Dude, no one was rude or flamed you... just expressing some scepticism here and there. You really shouldn't expect otherwise. Personally, I think a software glitch was more likely the cause of what you saw (compared to it happening by chance alone).

ajmargarine
06-23-2005, 02:47 AM
I was playing in a tournament last week, and the first 2 flops of the tourney were exactly the same, suits and values (for real)(no, i'm serious)(lol). So to figure the probability of that happening you would go (and this is a question):

((3/52)(2/51)(1/50))^2= the probability?!???

(despite a year of college calculus, and a flirtation with majoring in math, I barely remember anything I learned back then--this forum looks like a nice place to relearn and learn, especially as it applies to poker)

Jordan Olsommer
06-23-2005, 04:10 AM
The probability of any one specific flop if you don't know any hole cards is 1/(52c3). So two in a row would be (1/(52c3))^2 = .00000000247

But I'm assuming you knew what your hole cards were, so that means the number of possible flops is 50c3, not 52c3, so the probability would then be (1/(50c3))^2 = .000000002603, or 384,159,999-to-1.

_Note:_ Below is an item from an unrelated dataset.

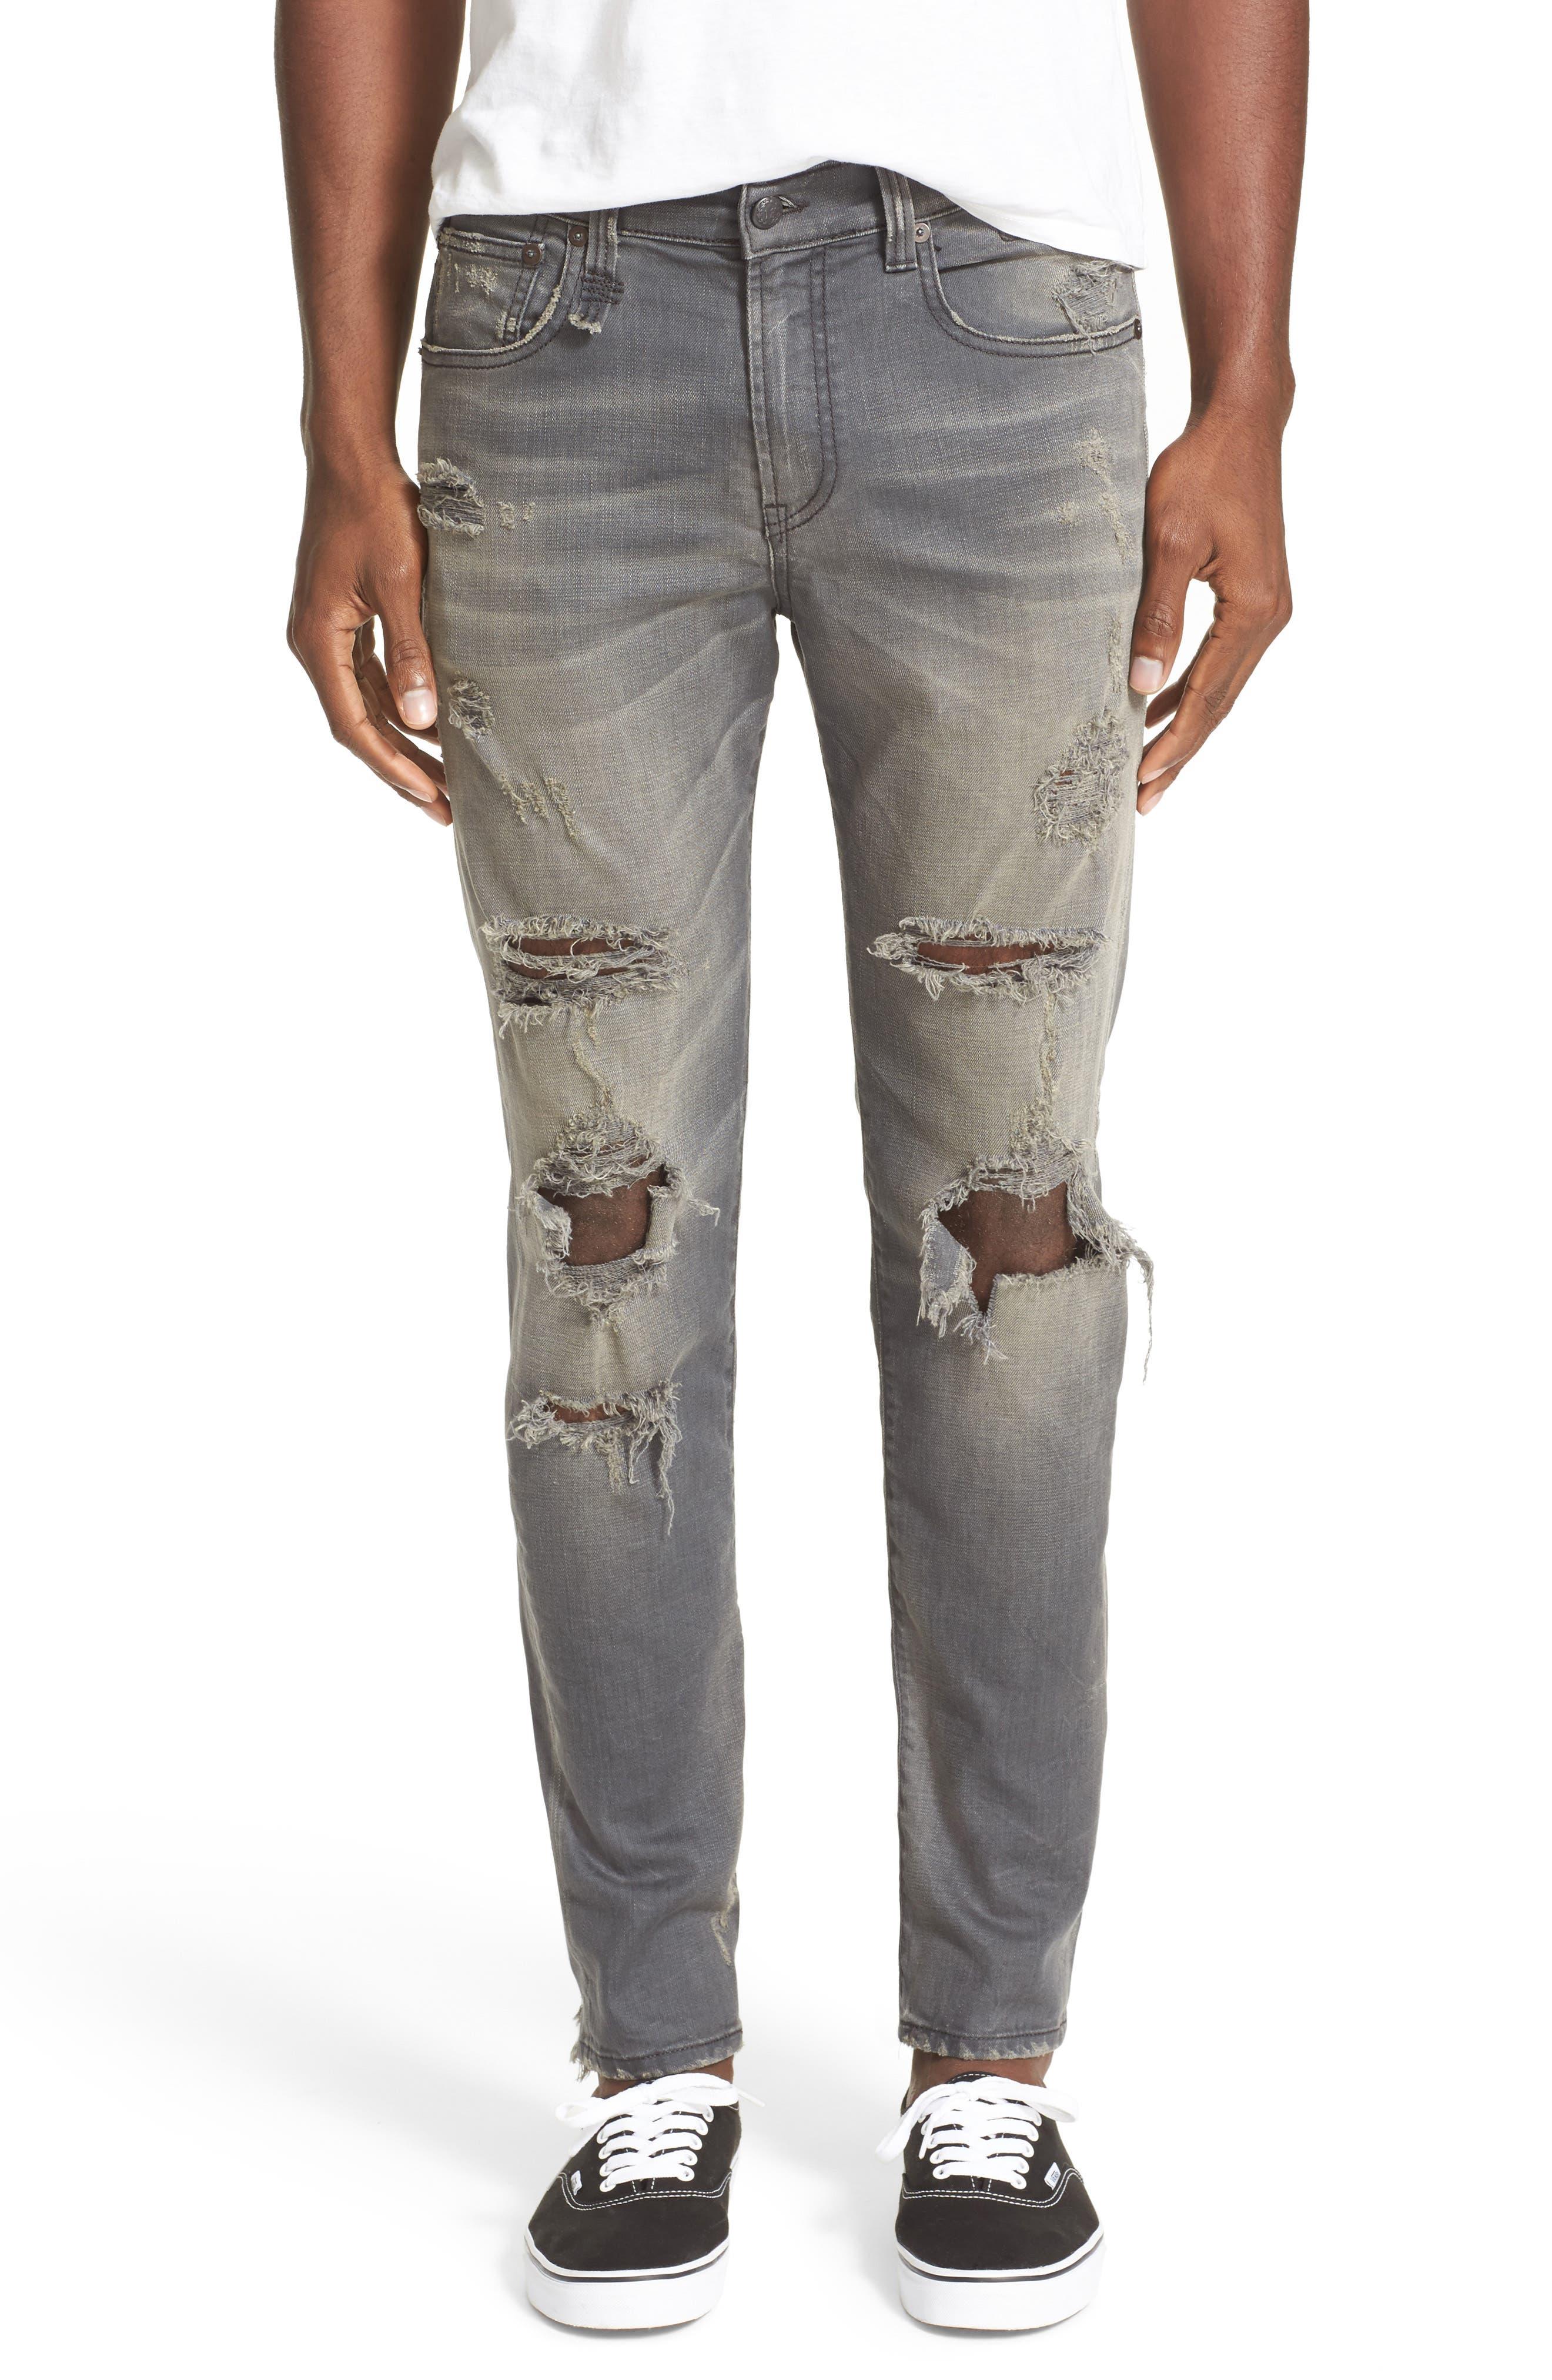 Skate Shredded Skinny Jeans,                             Main thumbnail 1, color,                             Grey

If you want really rare, the probability that you'll get the same board twice in a row (that's same flop, same turn, same river) is .00000000000000047055, or 2,125,136,240,639,999-to-1

SumZero
06-23-2005, 04:18 AM
I just got 5d 4h, 3h 2s, Ah Tc, 4c 6h, and 6s 2h in a row. What are the odds I ever get that same 5 hand in a row sequence? What are the odds that I'm making that up?

AaronBrown
06-23-2005, 08:01 AM
Jordan Olsommer computed what you asked mathematically, ((3/52)(2/51)(1/50))^2, but not what you asked in words. Your formula gives the probability that the first two flops will be some specific hand, say 5c 9d Kh.

The chance that the first two flops will be the same as each other, without specifying what they are, is the square root of that (in other words, remove the square from your formula). That's 1/22,100.